The automobile industry eliminated from its thinking the accumulation of vehicles in fields waiting to be bought as a result of the 2008 crisis. Now it is manufactured to order. And this causes the customer to be remotely directed towards the most equipped vehicles: those that leave the manufacturer with the greatest profitability. A redirection that has been accused of the lack of chips: "If you want the car now, better choose this model; the one you want will take nine months," the directors of the Spanish subsidiaries explain to this newspaper.

Las marcas de coches baten sus beneficios por la venta de coches más caros

In this way, manufacturers are achieving their goal of making fewer cars and selling them more expensive. In the words of Tavares, "we have to earn more money per vehicle manufactured." Luca de Meo also said it, after landing at Renault: "We have a price positioning problem."

The French group has raised the net price of its Renault and Dacia brand vehicles by 8.7% in the first half of 2021. The Dacia Sandero, the best-selling model in Spain in July, has an average price higher than the €15,000; It is not a 'low cost' car for less than 10,000 euros, given that the best-selling version is the Stepway, the most equipped.

Renault Group has obtained an operating profit in the first half of the year of 654 million euros and that global sales were 24% lower than those made in the same period of 2019. The French group anticipates that the shortage of chips will stop making 200,000 cars this year.

high margins

But not only Renault has turned the balance. Stellantis, in its first semester of life, has obtained 8,622 million euros of operating profit, with an operating margin of 11.2%. At the presentation of results, Richard Palmer, the group's chief financial officer, said that "this margin is a record for the two groups before the merger [PSA and FCA]" and much higher than that of other rivals.

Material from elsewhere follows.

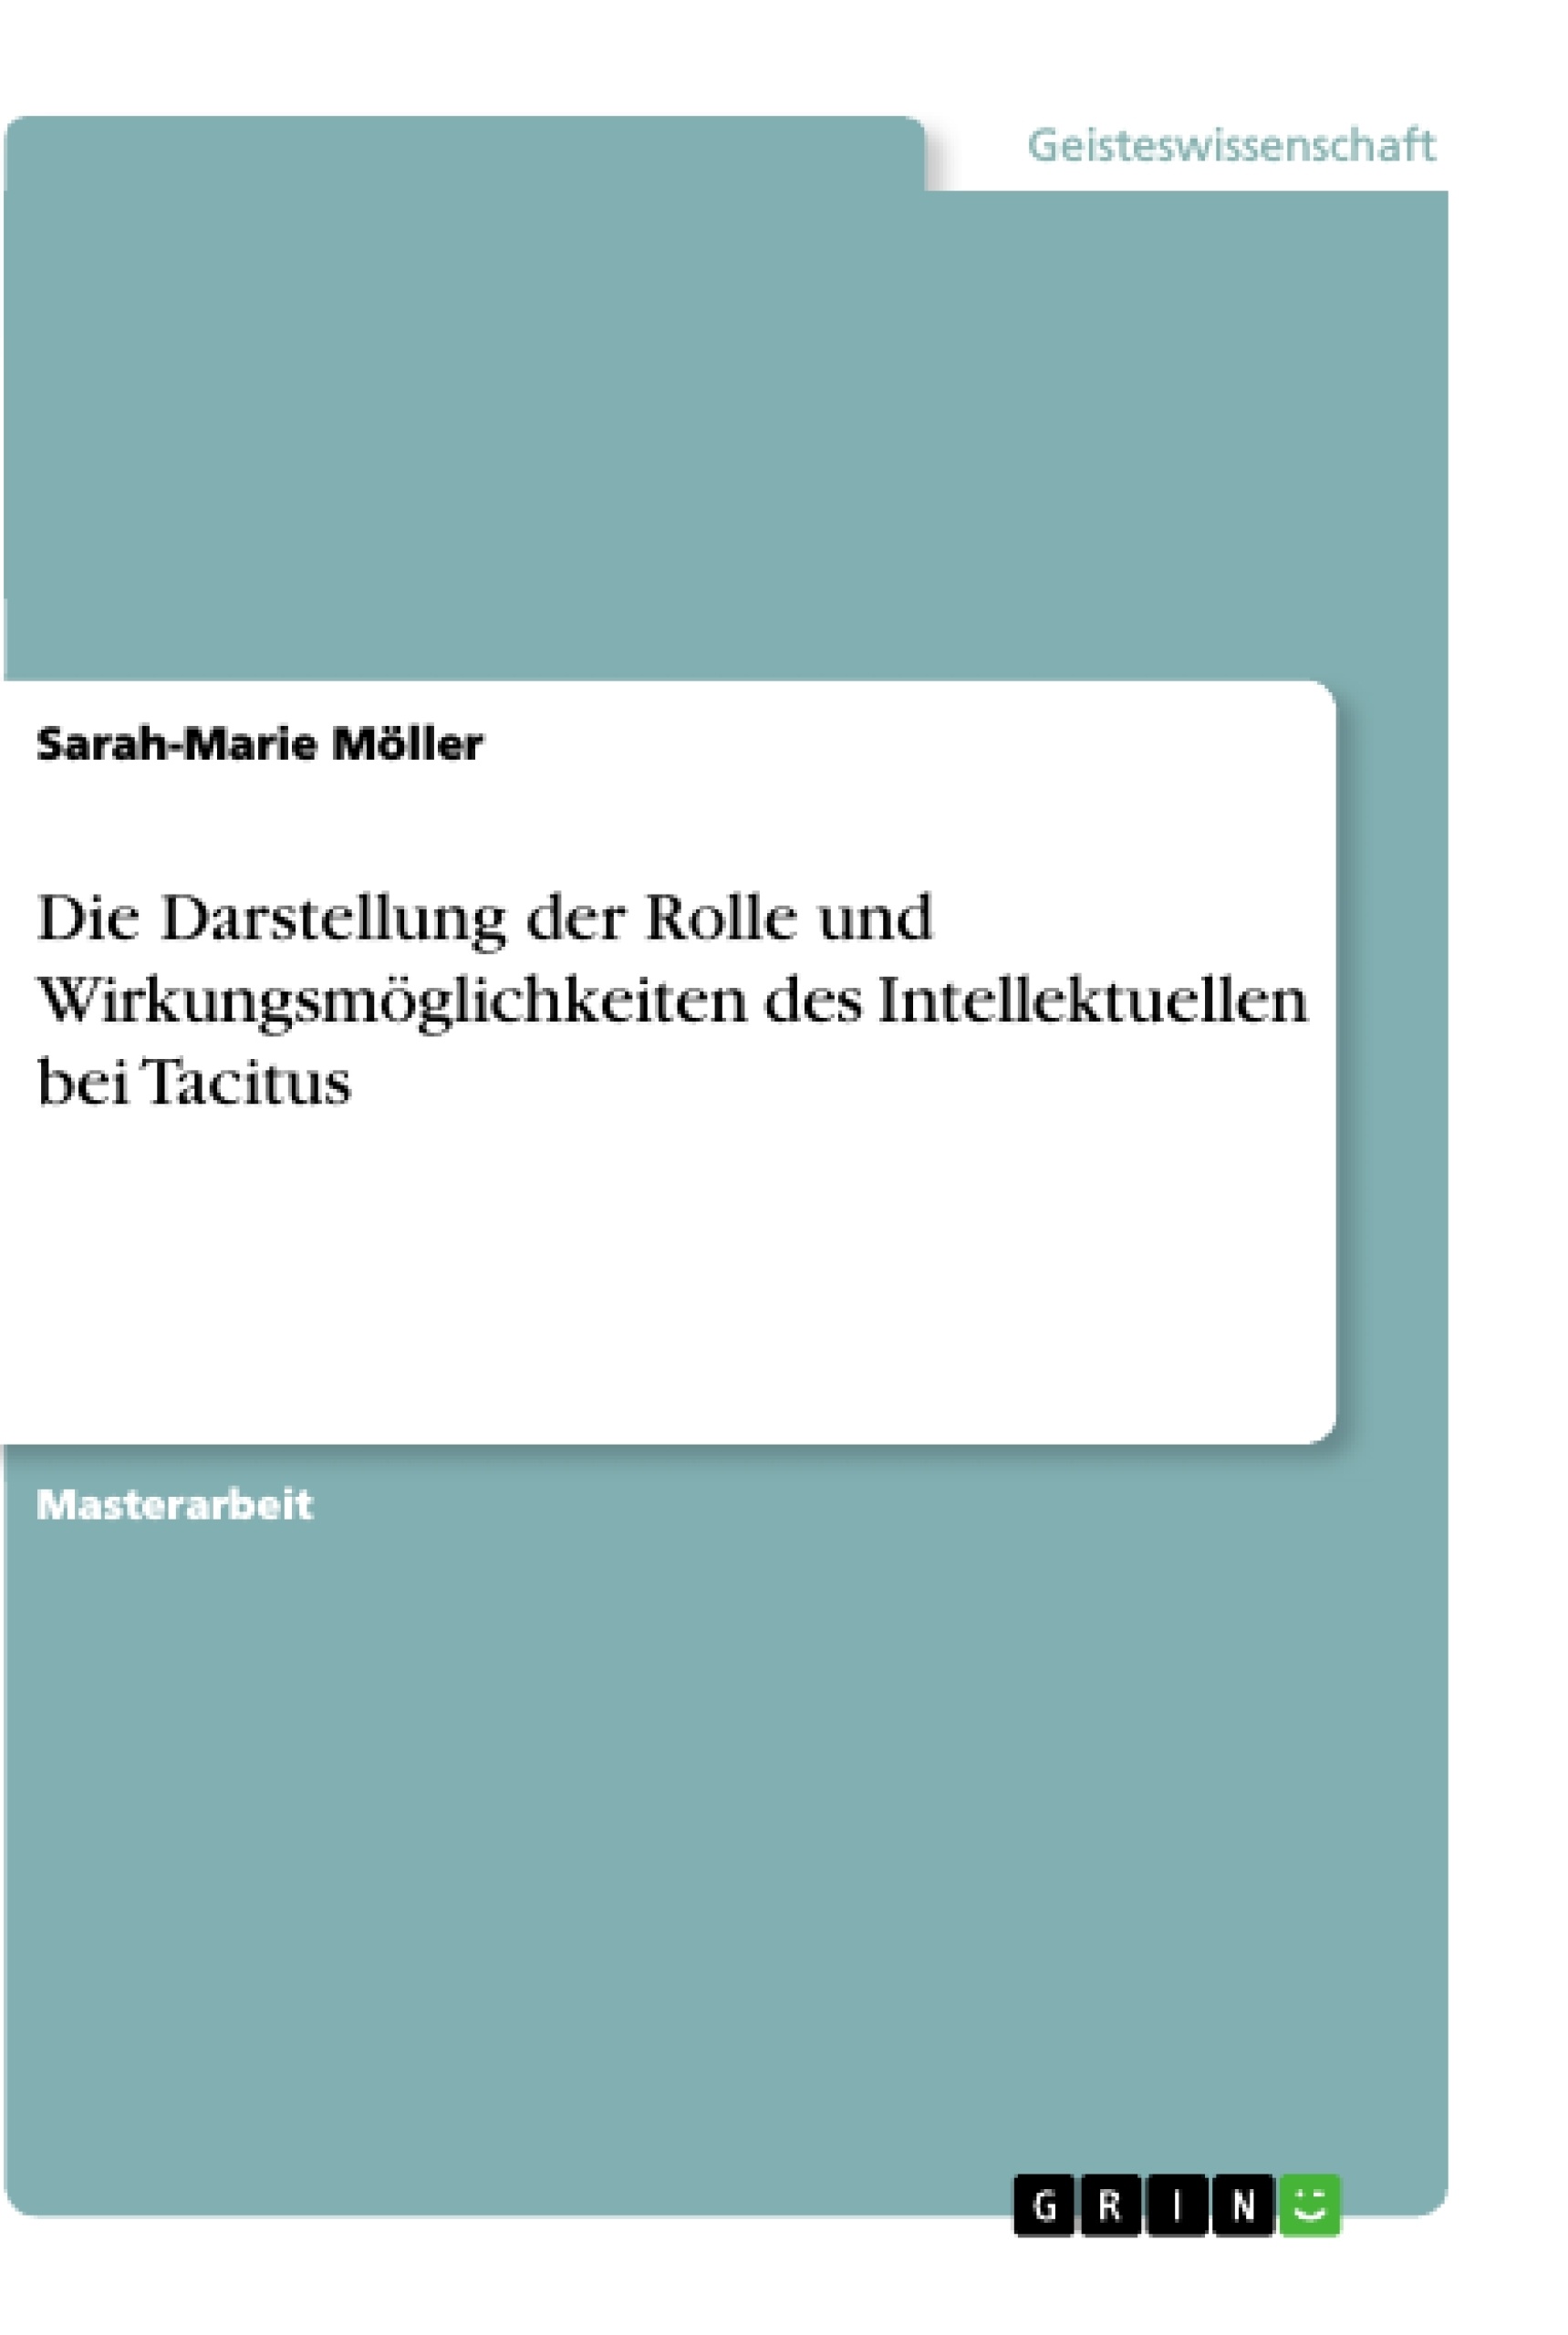 Title: Die Darstellung der Rolle und Wirkungsmöglichkeiten des Intellektuellen bei Tacitus

Toyota obtained a 7.9% operating margin in the first quarter; the Volkswagen Group, number two in the world, registered a margin of 8.8%, while Nissan obtained 4.5%, and Renault 2.8%. For its part, Hyundai reached 6.2%; Ford, 9.1%. Only the premium manufacturers do better than Stellantis, with Daimler at 12.2% and BMW at 13%.

But if we talk about hard cash, not percentages, the numbers speak for themselves. Toyota has reported the best first quarter in its history with 7.7 billion euros of profit at the current euro/yen exchange rate. The BMW Group has multiplied its results by 20 to 7,623 million euros. Or the record six-month operating profit of 11,358 million achieved by the Volkswagen Group. Or the Hyundai Group, which reached 1,385 million euros at the current euro/won exchange rate, which is its best quarter in seven years. Or Volvo Cars, which multiplied its profit by four to 1,763 million in the first half of this year.

Or, to cite a more extreme case, Ford Motor has reported profits of 3,200 million euros at the current dollar/euro exchange rate, despite estimating the manufacturing cutback caused by the lack of semiconductors at 700,000 vehicles. In fact, it has raised its forecasts for the year dramatically in the face of "the strong order book that we have accumulated," said John Lawler, Ford's chief financial officer, in the presentation of results.

Now the US company expects an operating profit of between 9,000 and 10,000 million dollars, well above the 3,500 million previously estimated.